Wherever "Life" appears in a line of the listing, report that line.

**DATA TO USE**
┌──

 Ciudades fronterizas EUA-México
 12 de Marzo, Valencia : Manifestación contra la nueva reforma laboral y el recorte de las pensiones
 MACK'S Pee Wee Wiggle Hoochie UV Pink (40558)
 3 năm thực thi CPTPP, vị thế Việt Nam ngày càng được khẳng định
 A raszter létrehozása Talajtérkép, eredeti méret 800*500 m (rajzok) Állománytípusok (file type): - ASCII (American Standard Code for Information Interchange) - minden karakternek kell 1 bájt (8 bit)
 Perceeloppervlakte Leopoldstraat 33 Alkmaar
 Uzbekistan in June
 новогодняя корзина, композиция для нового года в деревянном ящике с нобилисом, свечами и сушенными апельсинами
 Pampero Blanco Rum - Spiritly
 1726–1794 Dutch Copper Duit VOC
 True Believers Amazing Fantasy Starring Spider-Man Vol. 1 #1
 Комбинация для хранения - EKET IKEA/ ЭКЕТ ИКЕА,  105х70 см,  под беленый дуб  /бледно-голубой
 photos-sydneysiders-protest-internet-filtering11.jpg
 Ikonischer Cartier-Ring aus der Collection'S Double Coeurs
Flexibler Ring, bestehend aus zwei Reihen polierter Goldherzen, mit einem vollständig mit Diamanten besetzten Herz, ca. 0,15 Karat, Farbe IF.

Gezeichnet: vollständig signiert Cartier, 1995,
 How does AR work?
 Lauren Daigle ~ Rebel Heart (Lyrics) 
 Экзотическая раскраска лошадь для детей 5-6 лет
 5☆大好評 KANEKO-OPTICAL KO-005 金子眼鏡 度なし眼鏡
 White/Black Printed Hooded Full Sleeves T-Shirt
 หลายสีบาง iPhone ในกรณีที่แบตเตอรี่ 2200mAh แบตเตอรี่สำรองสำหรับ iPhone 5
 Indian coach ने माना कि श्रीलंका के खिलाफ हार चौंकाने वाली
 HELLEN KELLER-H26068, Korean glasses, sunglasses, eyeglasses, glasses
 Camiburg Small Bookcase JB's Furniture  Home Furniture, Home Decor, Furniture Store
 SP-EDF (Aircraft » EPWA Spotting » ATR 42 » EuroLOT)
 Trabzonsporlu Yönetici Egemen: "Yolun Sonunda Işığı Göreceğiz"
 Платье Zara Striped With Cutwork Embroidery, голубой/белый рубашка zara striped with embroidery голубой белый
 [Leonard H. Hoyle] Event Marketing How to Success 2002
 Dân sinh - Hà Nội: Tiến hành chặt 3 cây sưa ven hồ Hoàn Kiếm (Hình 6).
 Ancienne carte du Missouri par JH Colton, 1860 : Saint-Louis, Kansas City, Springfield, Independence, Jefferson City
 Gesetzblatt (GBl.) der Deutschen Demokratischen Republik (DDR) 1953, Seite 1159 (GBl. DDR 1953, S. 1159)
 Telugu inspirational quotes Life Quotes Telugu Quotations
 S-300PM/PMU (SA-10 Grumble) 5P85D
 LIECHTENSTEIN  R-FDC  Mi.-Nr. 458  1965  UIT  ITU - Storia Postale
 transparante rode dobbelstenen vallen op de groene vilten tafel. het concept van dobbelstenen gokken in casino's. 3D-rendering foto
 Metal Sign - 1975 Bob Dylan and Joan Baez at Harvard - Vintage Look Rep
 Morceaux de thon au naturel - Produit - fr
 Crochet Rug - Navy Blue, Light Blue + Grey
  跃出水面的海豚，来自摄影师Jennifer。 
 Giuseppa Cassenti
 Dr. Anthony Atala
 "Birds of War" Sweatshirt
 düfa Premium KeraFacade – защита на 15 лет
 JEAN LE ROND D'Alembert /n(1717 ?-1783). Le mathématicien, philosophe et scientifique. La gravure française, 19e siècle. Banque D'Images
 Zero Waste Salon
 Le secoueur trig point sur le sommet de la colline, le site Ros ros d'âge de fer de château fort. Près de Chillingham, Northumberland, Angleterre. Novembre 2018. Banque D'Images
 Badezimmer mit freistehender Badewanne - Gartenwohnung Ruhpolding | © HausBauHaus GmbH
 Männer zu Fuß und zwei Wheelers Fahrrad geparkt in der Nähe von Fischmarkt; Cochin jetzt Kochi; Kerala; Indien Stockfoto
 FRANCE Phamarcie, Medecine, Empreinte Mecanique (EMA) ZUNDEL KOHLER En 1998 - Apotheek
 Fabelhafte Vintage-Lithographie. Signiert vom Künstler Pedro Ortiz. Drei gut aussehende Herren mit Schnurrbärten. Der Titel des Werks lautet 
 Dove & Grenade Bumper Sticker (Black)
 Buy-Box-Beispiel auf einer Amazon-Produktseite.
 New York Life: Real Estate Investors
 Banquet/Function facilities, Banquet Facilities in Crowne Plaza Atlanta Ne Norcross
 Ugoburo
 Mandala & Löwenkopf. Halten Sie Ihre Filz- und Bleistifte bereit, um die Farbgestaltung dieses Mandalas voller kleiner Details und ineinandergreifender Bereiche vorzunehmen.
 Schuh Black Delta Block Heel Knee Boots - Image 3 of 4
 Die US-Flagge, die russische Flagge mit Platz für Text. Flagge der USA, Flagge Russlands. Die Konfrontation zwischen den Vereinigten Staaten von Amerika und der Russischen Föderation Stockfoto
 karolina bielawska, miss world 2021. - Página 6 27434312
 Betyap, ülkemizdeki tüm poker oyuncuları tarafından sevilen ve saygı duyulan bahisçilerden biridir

└──

**ANSWER TO THE EXERCISE**
 Telugu inspirational quotes Life Quotes Telugu Quotations
 New York Life: Real Estate Investors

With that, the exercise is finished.